Star street artist and designer Brian Donnelly, aka KAWS, has teamed up with Japanese culinary giant Nobu and the tequila maker, Qui Tequila, in—you guessed it—a luxury tequila collaboration, dubbed 2025 NOBU Rare.
Created to celebrate the Nobu restaurant and hotel empire’s 30th anniversary, chef Nobu Matsuhisa—a longtime collector of KAWS’s work—says the limited-edition, 25-year-old extra añejo tequila combines two of his passions.
“It’s like my dream come true—my favorite tequila, my favorite artist,” he told Qui Tequila’s founder, restaurateur Medhat Ibrahim, in a clip on the company’s website.
“I met KAWS more than 20 years ago,” Matsuhisa remembers. His paintings are, “colorful, simple, for me, clean. A lot of passion I feel, from his art.”
Donnelly, who began as a graffiti artist on the streets of New York, is now globally known for his recurring, cartoon-inspired characters, including a Micky Mouse-like figure with crossed-out eyes. His works are currently on view at the Andy Warhol Museum in Pittsburgh and have appeared in several high-profile collaborations, including a 2017 Nike Air Jordan release that famously sold out within seconds. The shoes can now fetch thousands of dollars on the secondary market.
The 2025 NOBU Rare bottles each bear Donnelly’s signature, bubble-cartoon lettering, stacked in the vein of Robert Indiana’s LOVE sculptures to spell out “Nobu” in muted shades of gray, red, or blue. Donnelly brings the letters to life playfully, outfitting them with crossed-out eyes and puffy white gloves reaching for the next letter. A similar design is printed on the bottle packaging.
“I’m honored to design this bottle for your 30th anniversary and to have a friendship for the last 15 years!” KAWS wrote in a statement addressed to Matsuhisa on his Instagram account.

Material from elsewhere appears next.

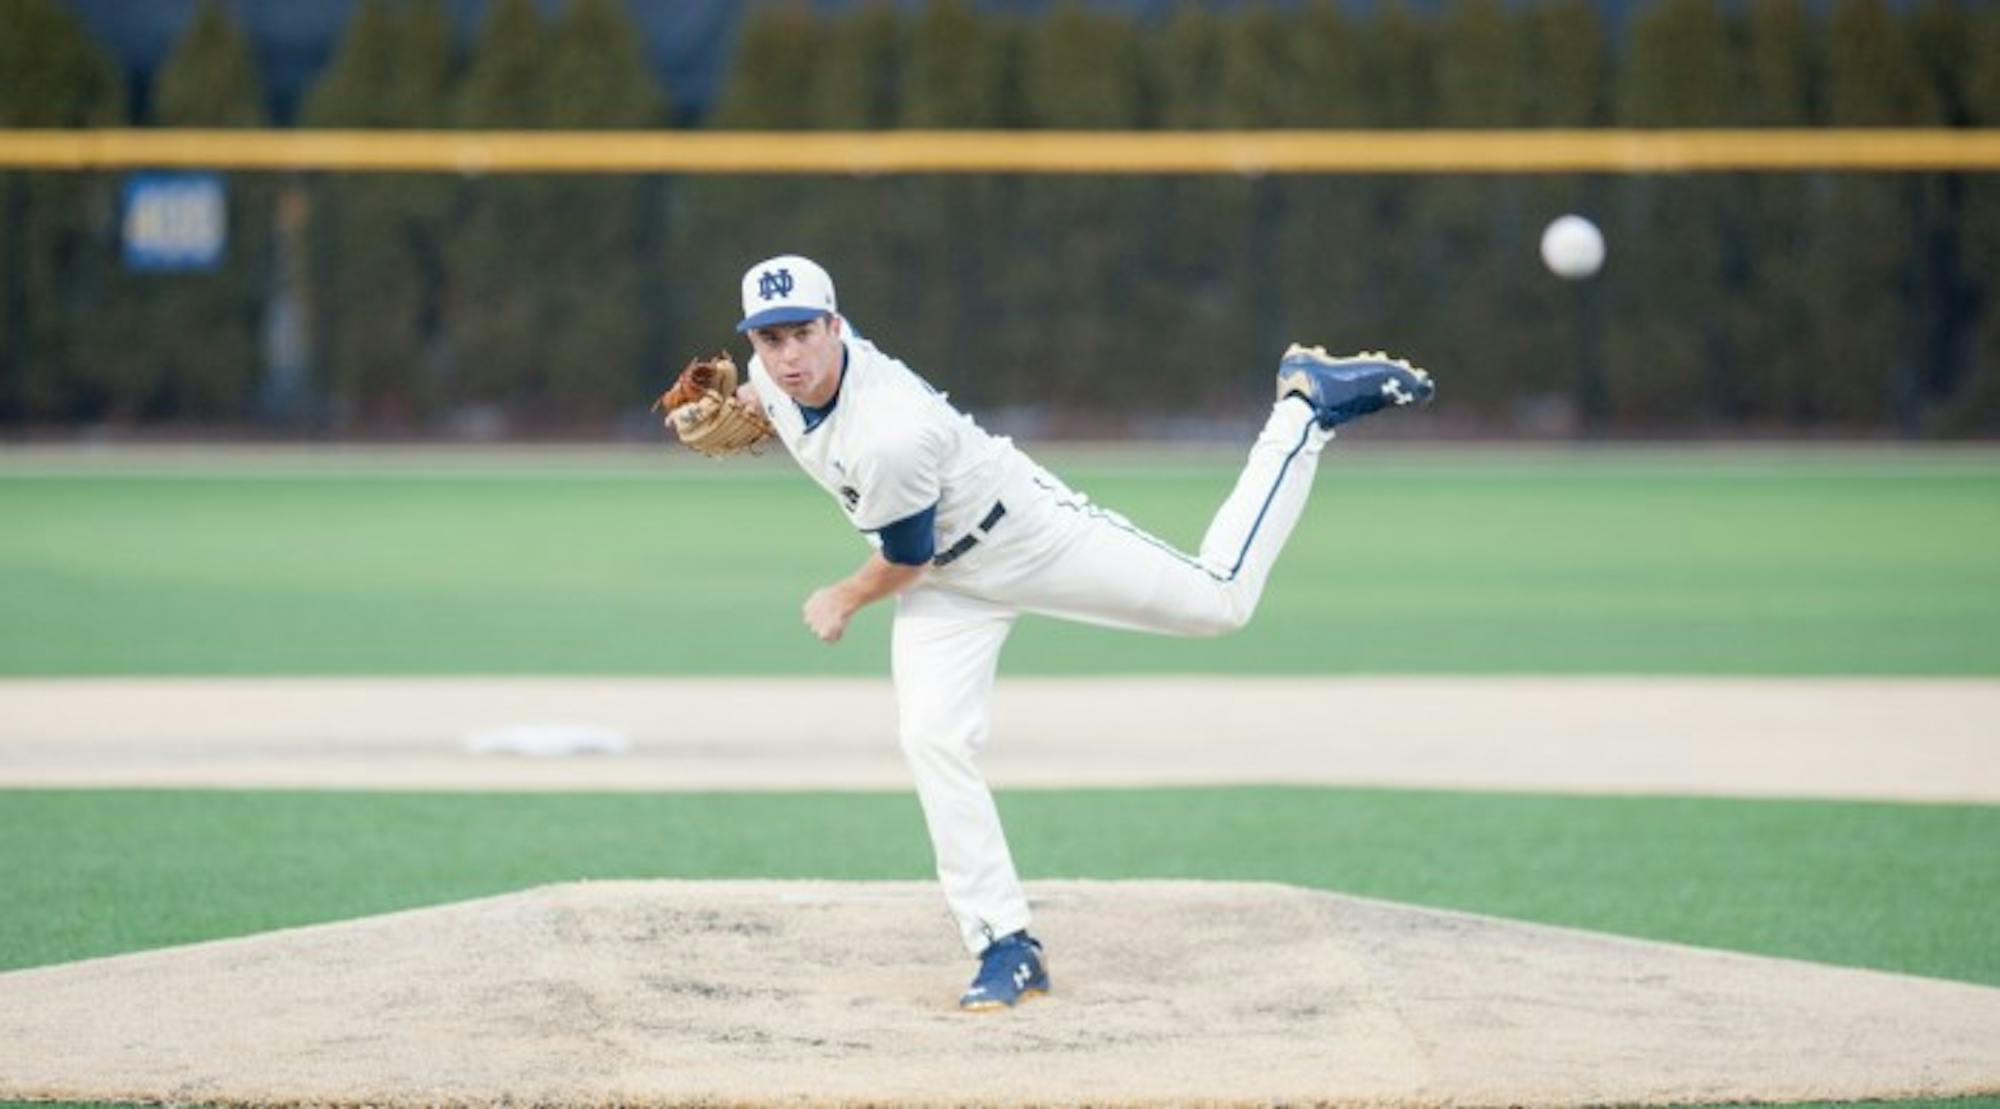 Sophomore left-hander Scott Tully delivers a pitch during Notre Dame’s 8-3 win over Central Michigan on March 18.

For the first of several launches this fall, a collector’s series set containing all three shades of 2025 NOBU Rare bottles are now available for pre-order at $3,000 a pop. Limited to 300 sets, they were still available at the time of writing. Additional 750 ml bottles, priced at $1,000, will launch this fall, including the blue version coinciding with Art Basel Miami Beach.
Visual artistry aside, Matsuhisa says he noticed a similar “passion” in how Qui Tequila crafts their agave spirits without sugar or additives. The two have joined forces in the past, releasing a few editions of a Nobu Rare Blend tequila, though this latest drop stands apart, due to its age. In fact, according to Ibrahim, 2025 NOBU Rare is one of the oldest available tequilas on the market.
“We selected a truly unique extra añejo tequila, harvested and distilled in 1999,” Ibrahim said in a press statement. Aged in oak barrels and rested in stainless steel tanks, it has notes of cherry, honey, toffee, dried orange, white pepper, and cooked agave. Based in the Highlands of Jalisco, Mexico, Qui Tequila has also won awards for their “crystal-clear” extra añejo, thanks in part to a small batch distillation process that only uses the “heart” or middle, and best part of each aged tequila.
In terms of the ultimate, taste test, some early reviews are in, and so far they are glowing. “What struck me about this bottling was the light hand, which allows the agave to shine through,” wrote Bloomberg’s contributing spirits critic, Kara Newman. “Instead of tasting like a tequila-dipped candy bar, the honeyed agave core was evident from the first sip, accented by hints of jalapeño and even a smoky waft.” Would she pair it with sushi? Perhaps not, but to a sip alongside Nobu’s “famous miso cod,” the answer was a resounding, yes, please.